Until now, I've always used pixDestroy to clean up PIX objects in my JavaCPP/Leptonica application. However, I recently noticed a weird memory leak issue that I tracked down to a Leptonica function internally returning a pixClone result. I managed to reproduce the issue by using the following simple test:
@Test
public void test() throws InterruptedException {
String pathImg = "...";
for (int i = 0; i < 100; i++) {
PIX img = pixRead(pathImg);
PIX clone = pixClone(img);
pixDestroy(clone);
pixDestroy(img);
}
Thread.sleep(10000);
}
When the Thread.sleep is reached, the RAM memory usage in Windows task manager (not the heap size) has increased to about 1GB and is not released until the sleep ends and the test finishes.
Looking at the docs of pixClone, we see it actually creates a handle to the existing PIX:
Notes:
A "clone" is simply a handle (ptr) to an existing pix.

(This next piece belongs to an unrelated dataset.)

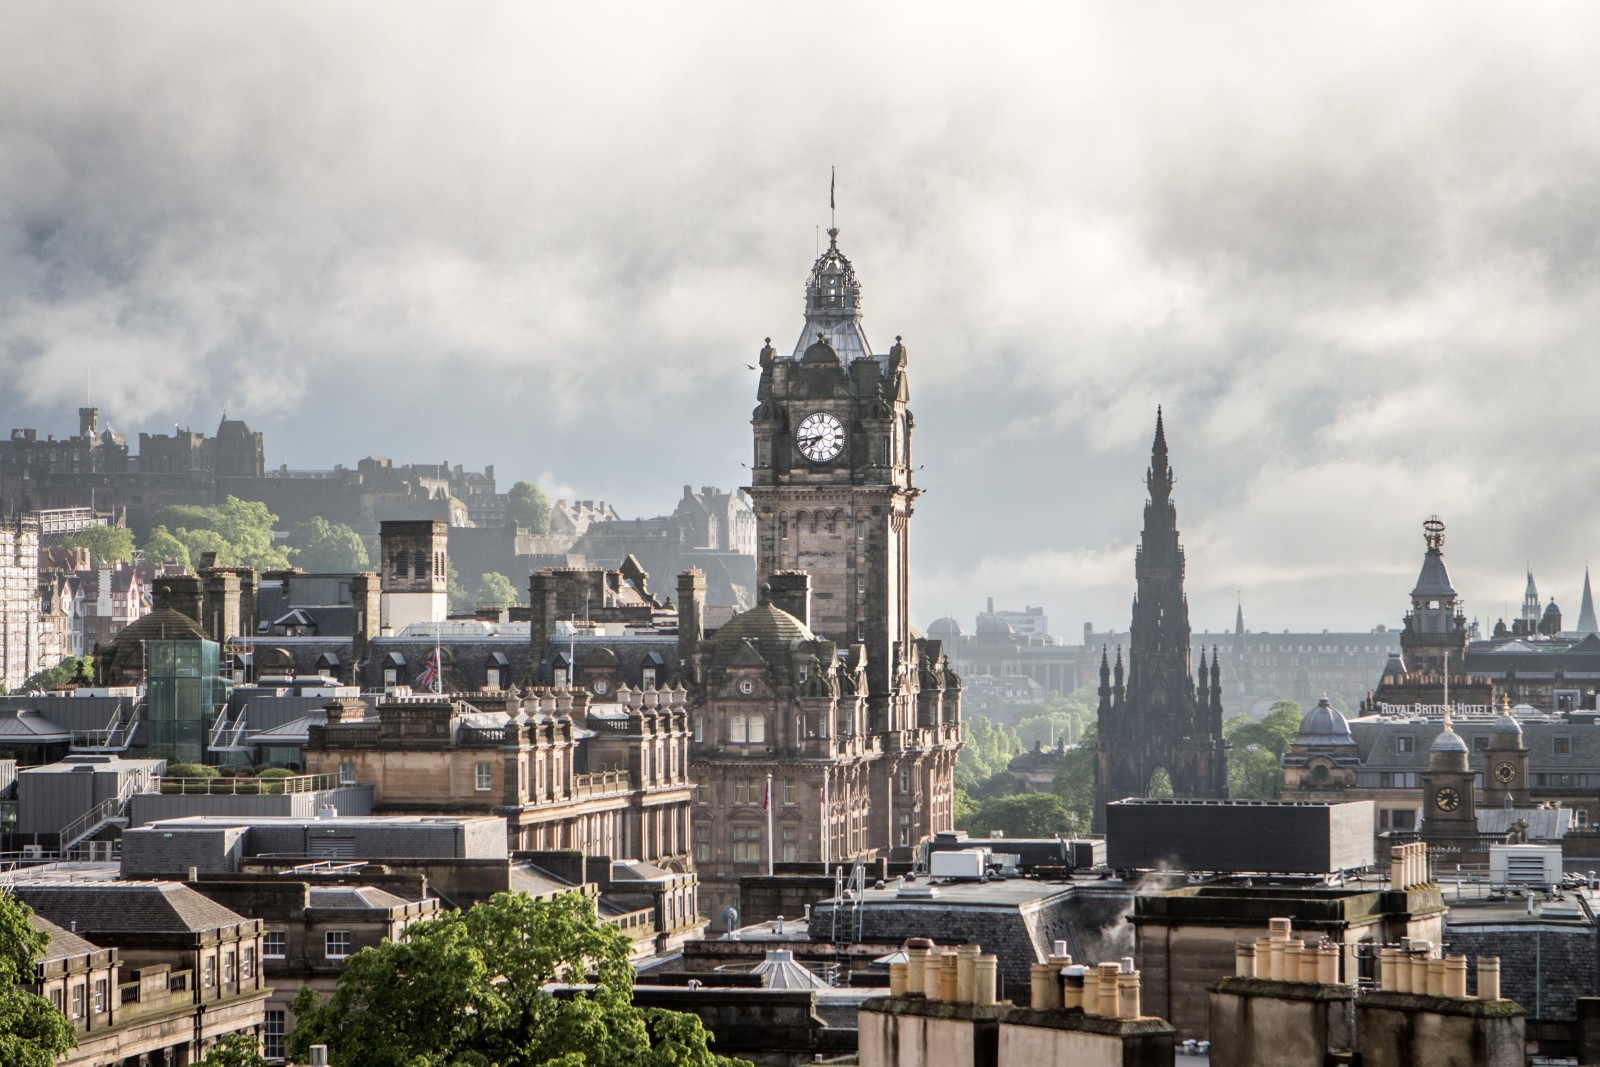 The skyline of the city of Edinburgh.

It is implemented because (a) images can be large and hence expensive to copy, and (b) extra handles to a data structure need to be made with a simple policy to avoid both double frees and memory leaks. Pix are reference counted. The side effect of pixClone() is an increase by 1 in the ref count.
The protocol to be used is: (a) Whenever you want a new handle to an existing image, call pixClone(), which just bumps a ref count. (b) Always call pixDestroy() on all handles. This decrements the ref count, nulls the handle, and only destroys the pix when pixDestroy() has been called on all handles.
If I understand this correctly, I am indeed calling pixDestroy on all handles, so the ref count should reach zero and thus the PIX should have been destroyed. Clearly, this is not the case though. Can someone tell me what I'm doing wrong? Thanks in advance!
As an optimization for the common case when a function returns a pointer it receives as argument, JavaCPP also returns the same object to the JVM. This is what is happening with pixClone(). It simply returns the pointer that the user passes as argument, and thus both img and clone end up referencing the same object in Java.
Now, when pixDestroy() gets called on the first reference img, Leptonica helpfully resets its address to 0, but we've now lost the address, and the second call to pixDestroy() receives that null pointer, resulting in a noop, and a memory leak.
One easy way to avoid this issue is by creating explicitly a new PIX reference after each call to pixClone(), for example, in this case:
PIX clone = new PIX(pixClone(img));